Unfortunately, MPs have one advantage over clusters in that they are a single system and managing a single system can often be much simpler than clusters, which have many completely separate nodes. Clusters are running many different classes of jobs concurrently. This means that some sort of scheme must be developed to make sure that each service class gets its fair share of resource pool, and balancing this resource pool among many separate nodes is far more difficult than on all but the largest MPs. Determining what is a fair share is one of the hardest questions here. For some clusters where users will place many long running jobs, the main goal is probably to provide long-term fairness. In contrast, an ISP hosting websites for a number of clients has probably sold some sort of bandwidth or resource guarantee.
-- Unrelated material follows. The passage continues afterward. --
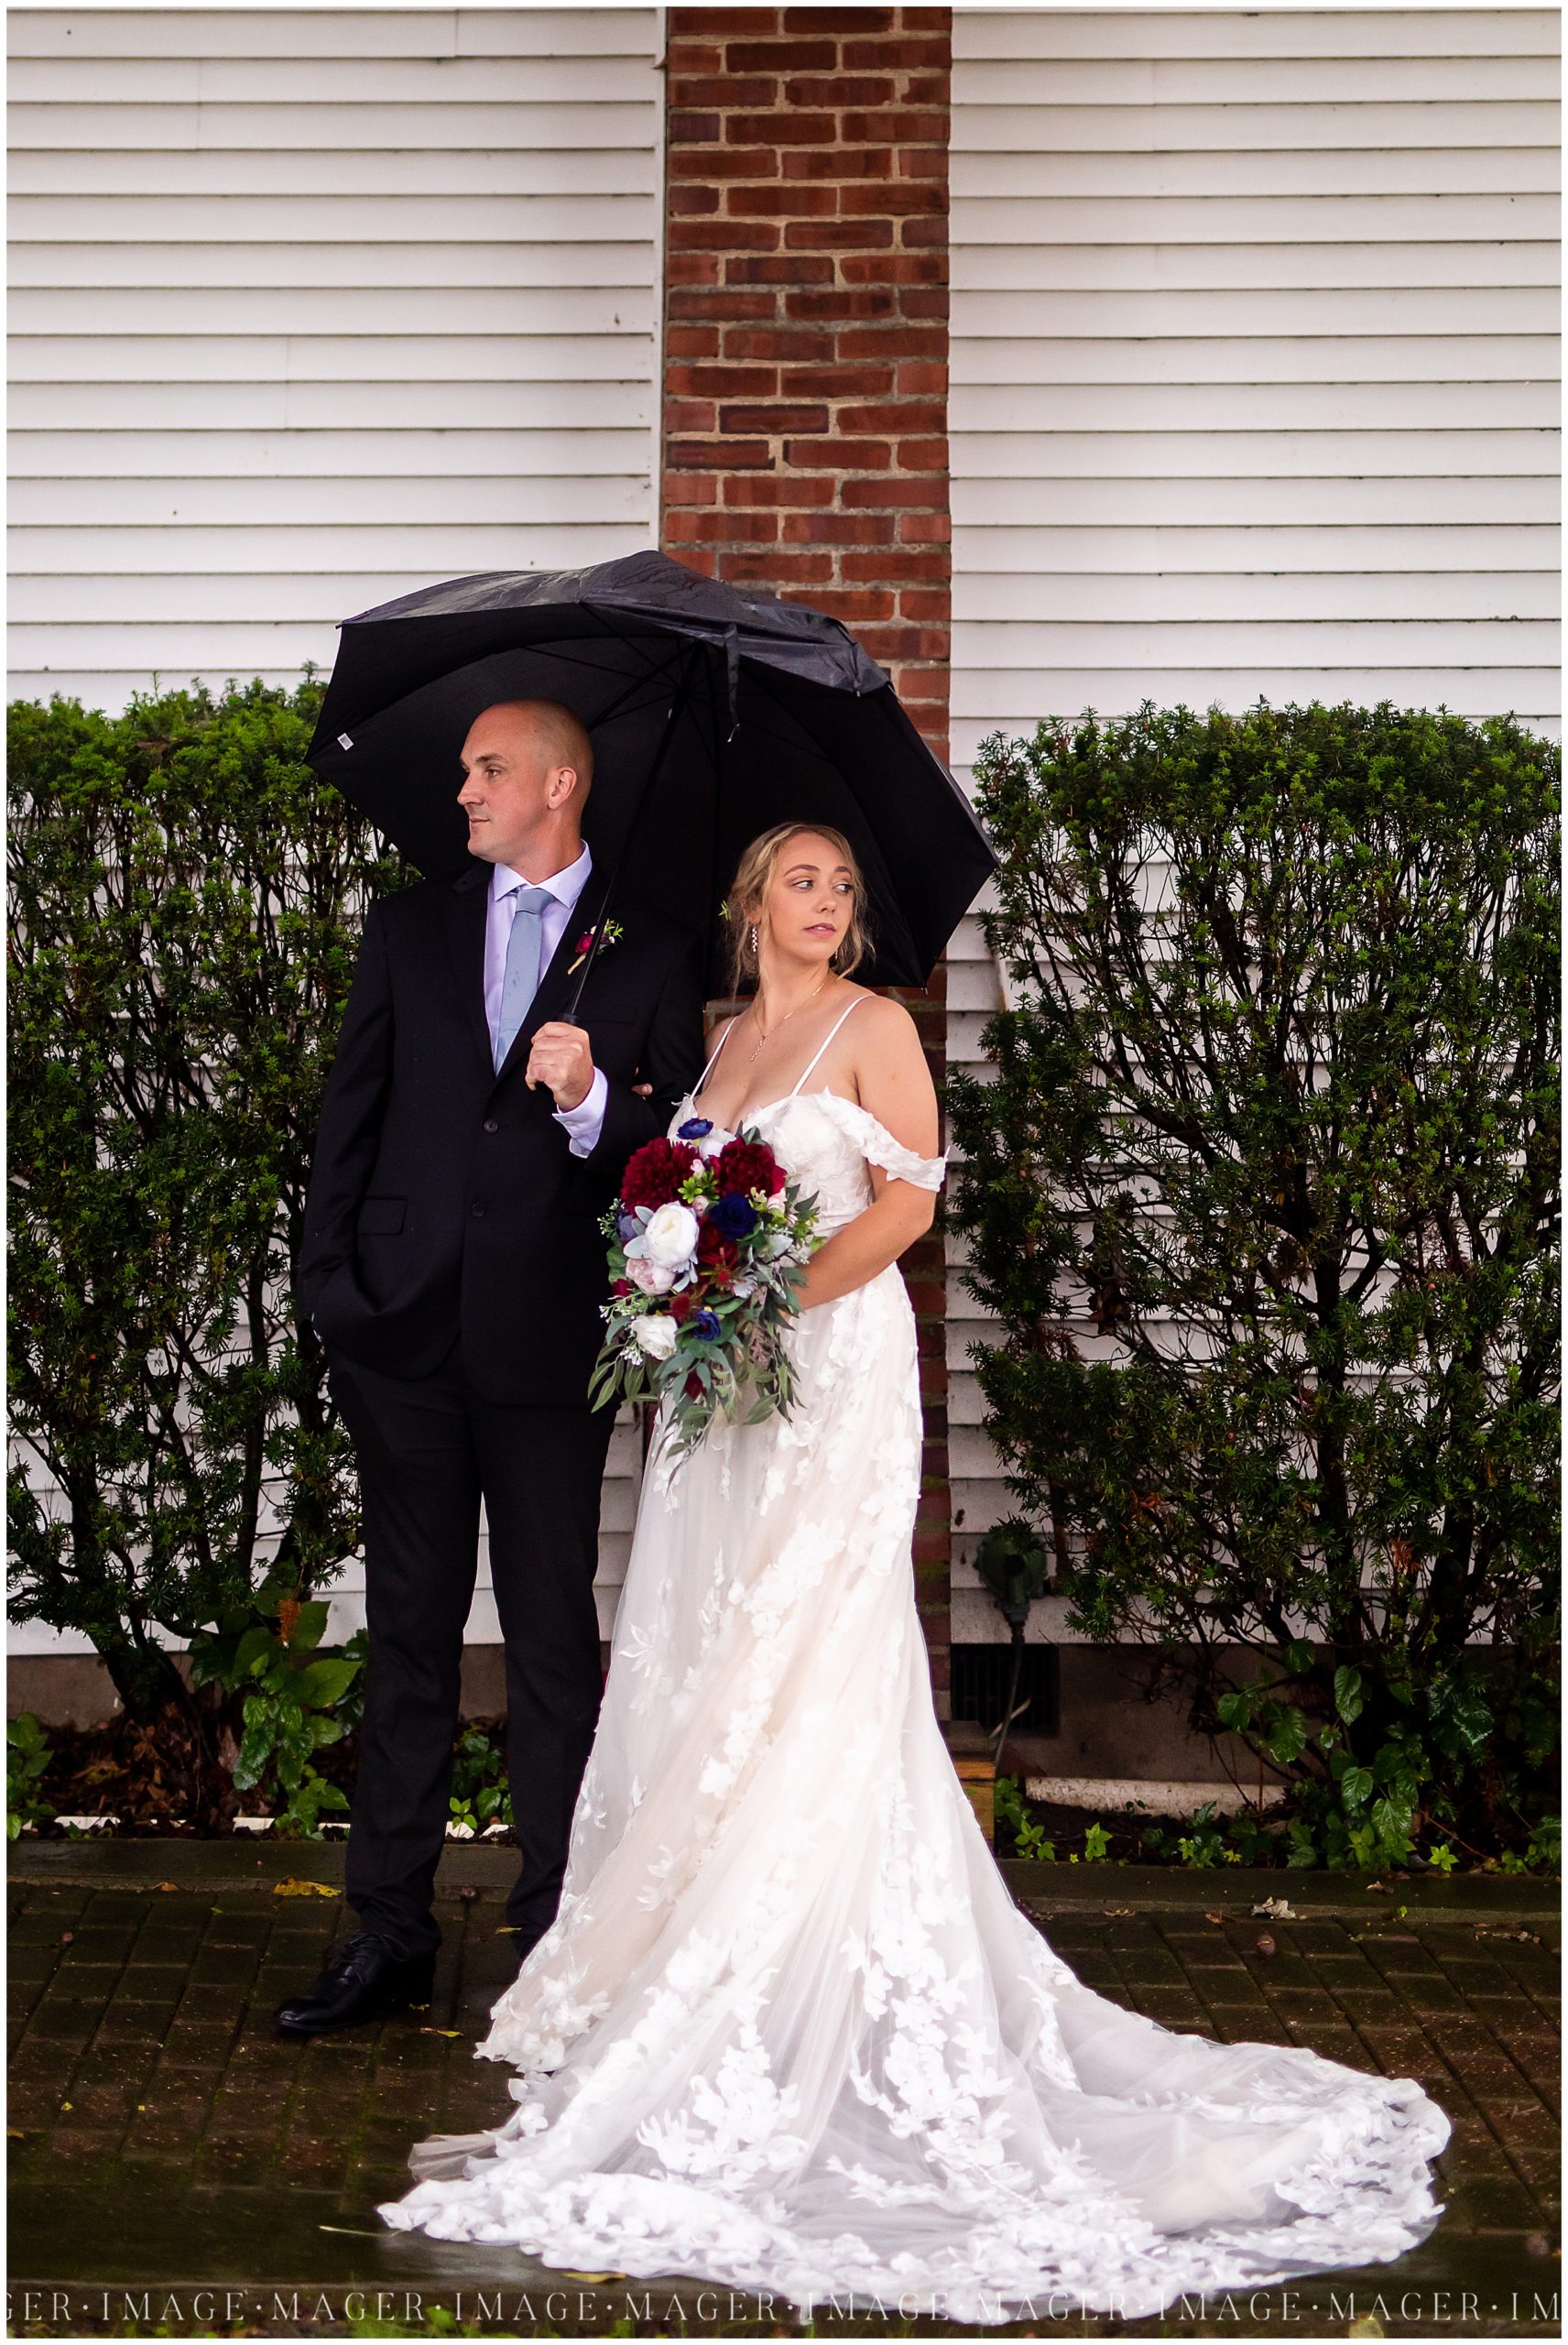 memorial-day-wedding-barn-dress-bride-rainy-day-umbrella

This means that if a class has an adequate workload to fill its share, it is entitled to that share at the minimum at any moment in time on the cluster. There are also many other reasons why a cluster operator might want some high-level resource management. One example are E-commerce customers who might want to give priority to certain customers and some sort of high-level scheme would be important to provide coordinate this scenario. The previous situation is beyond the scope of this paper as this line of research is in its infancy and some lower level advances still need to be made.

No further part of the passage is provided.